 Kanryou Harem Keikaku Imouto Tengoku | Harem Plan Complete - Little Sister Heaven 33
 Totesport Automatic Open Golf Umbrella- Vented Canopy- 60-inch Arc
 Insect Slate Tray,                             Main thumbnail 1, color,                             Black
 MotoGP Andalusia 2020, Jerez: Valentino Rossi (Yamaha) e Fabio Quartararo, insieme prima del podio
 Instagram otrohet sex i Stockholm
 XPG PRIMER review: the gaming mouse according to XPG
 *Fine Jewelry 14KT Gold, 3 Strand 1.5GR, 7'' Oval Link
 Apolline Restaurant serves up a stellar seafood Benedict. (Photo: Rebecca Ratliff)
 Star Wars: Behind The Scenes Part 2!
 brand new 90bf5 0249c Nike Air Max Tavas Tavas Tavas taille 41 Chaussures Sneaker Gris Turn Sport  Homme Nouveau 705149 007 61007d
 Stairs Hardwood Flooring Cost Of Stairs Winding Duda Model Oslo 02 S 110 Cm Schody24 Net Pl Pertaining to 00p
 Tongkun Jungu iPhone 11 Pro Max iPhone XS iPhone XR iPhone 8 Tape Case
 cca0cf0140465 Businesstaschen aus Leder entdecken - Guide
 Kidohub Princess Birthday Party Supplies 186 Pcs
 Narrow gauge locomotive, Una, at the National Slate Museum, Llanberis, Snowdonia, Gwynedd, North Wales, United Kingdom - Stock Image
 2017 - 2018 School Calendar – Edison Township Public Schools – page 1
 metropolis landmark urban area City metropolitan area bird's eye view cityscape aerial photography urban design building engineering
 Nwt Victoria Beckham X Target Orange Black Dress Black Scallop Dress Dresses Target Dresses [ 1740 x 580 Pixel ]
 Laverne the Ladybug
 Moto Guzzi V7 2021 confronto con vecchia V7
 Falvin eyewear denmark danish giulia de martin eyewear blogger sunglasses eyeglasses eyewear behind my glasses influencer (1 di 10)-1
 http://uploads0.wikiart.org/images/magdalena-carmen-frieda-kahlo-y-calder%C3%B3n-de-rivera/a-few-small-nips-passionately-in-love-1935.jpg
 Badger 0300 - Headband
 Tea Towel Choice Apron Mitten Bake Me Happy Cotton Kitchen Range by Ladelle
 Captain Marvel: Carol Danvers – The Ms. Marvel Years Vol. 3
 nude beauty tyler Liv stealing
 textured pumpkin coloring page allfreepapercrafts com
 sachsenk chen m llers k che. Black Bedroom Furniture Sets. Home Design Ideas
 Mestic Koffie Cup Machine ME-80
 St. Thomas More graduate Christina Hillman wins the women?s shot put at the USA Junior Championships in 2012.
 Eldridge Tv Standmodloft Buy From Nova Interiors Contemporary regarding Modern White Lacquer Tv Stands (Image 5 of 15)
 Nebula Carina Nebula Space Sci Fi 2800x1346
· · ·
■ **What to work on**:
Using the data above, tally each line in which "page" appears and give the number with no other words.

■ **Exercise response**:
2